# Rock Island Armory 1911?



## PopShot (Jun 13, 2016)

Does anyone have experience with or own a Rock Island Armory 1911?
There's a nice one for sale at a local shop, super cheap 45. It's used but appears to have only been fired a handful of times.
I've only seen a couple of them, I think they are made by a company called Armscor, but that's about all I know.

Can anyone tell me if they are worth having? I'm working on expanding my 1911 Collection, I love them.

-Justin


----------



## RK3369 (Aug 12, 2013)

Depends on the price. I had one in 9mm and liked it a lot. Sold it because I decided to downsize my inventory when we were thinking about relocating. At any rate, except for the potential move, which never happened, I would still own it. Only problem for me was it's pretty large to try to conceal, and we can't open carry here. Great comfortable shooter because of the size and weight. I never really cared for shooting 45 because of the price and the recoil, but that's your call.


----------



## drec (Apr 23, 2016)

I have a RIA 1911 Rock Ultra - 9mm. It is really a nice gun and shoots very well. I've only had it for about 4 months and have shot a couple hundred rounds through it without any problems.


----------



## tony pasley (May 6, 2006)

I have had a RIA for years and it is a good solid reliable pistol. After it proved itself to me I retired my Colts that I carried for years and carry one now.


----------



## Blackhawkman (Apr 9, 2014)

I like my commander RIA 1911.--->






It's a shooter,Too! It's all steel and solid, mine is a 45.


----------



## AirForceShooter (May 6, 2006)

They're very good shooters.

Well made and accurate.

But the price has to be very good.

AFS


----------



## Blackhawkman (Apr 9, 2014)

AFS, I paid $469 + tax for mine at a lgs here in ohio. Good price and it's accurate. I cleaned it first and put 200 rounds thru it. It takes my other 1911 magazines, too! wtheck!


----------



## Wyoming_1977 (Feb 24, 2016)

RIA 1911s are fine weapons. I nearly bought one, but got a better price and the exact feature set I wanted in my Girsan, which is also a fine weapon at an attractive price point.


----------



## PopShot (Jun 13, 2016)

Sad days guys, I returned to the store to buy it and somebody had already got their hands on it.
Should've picked it up when I saw it. If only I had the $280 last time.

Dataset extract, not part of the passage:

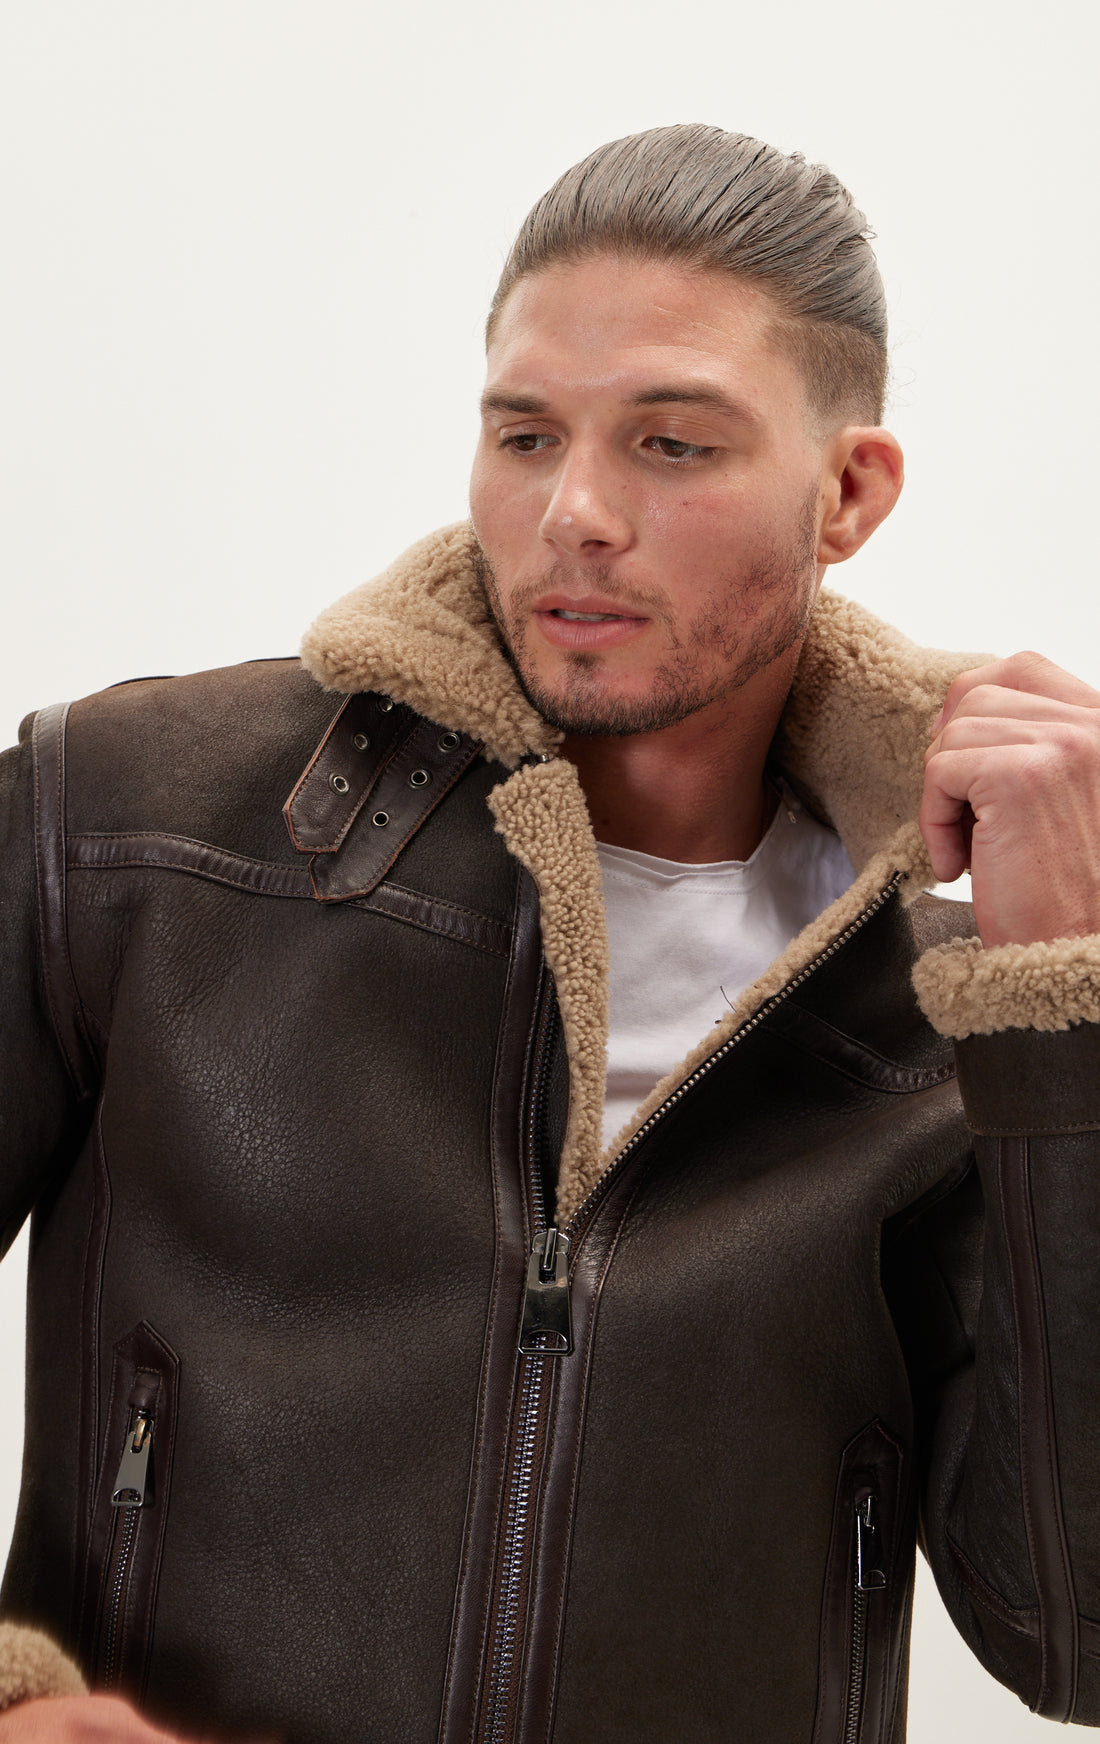 Shearling Lined Leather Jacket - Brown

Oh well, if I ever run across another with that good of a price tag I'll definitely pick it up.
Seems to be a popular pistol.

- Justin


----------



## oldphart (Oct 20, 2007)

I've got one, the II tactical. It's an excellent pistol but I happened to get one with a bad rear site that keeps slipping. Waiting on replacement.


----------



## jag1954 (Sep 9, 2021)

This is my GI Standard .45ACP. For the money a great shooter and truck gun. I've shot well over 1000 rounds with it with nary a hiccup. A no frills no BS hand gun. I added the Pearce grips.


----------



## mroland40330 (Dec 12, 2021)

I own a RIA CS in .45... Wonderful shooter... So Wonderful the Wife attached herself to it, and now carrys it EDC


----------



## Brian48 (Dec 1, 2014)

I picked up my RIA GI model a few years ago at a show. It was used and fairly abused. The previous owner had not taken care of it nor did it look like it was ever cleaned. With the exception of some very minor pitting in the barrel, it was decent for the price so I picked it up. I was looking for a cheap base gun to tinker with and didn't want to spend a lot of money. 










Although there was nothing mechanically wrong with the gun other than needing a new extractor, I've "upgraded" it with spare and take-off parts from other guns. Colt hammer, match sear, polished disconnector, GI grip safety, arched GI MSH, Colt long trigger, Wilson extended thumb safety, Wilson extended mag release, flat firing pin stop, and all new springs. It shoots great and has really held up. Not sure how many rounds were fired before I bought it, but from the way it looked, the gun may have fired 1000s of rounds before it wounded up in my hands.


----------



## guydodge (3 mo ago)

just picked up my third rock island armory 1911 9mm.personally one of if not my favorite brand RIA is my carry and picked this one
up for the range.shooting 45cal at the range gets a little spendy,9mm is half the cost and at 600.00 with all the goodies you cant beat 
it.reliability and performance are outstanding on these RIA handguns.


----------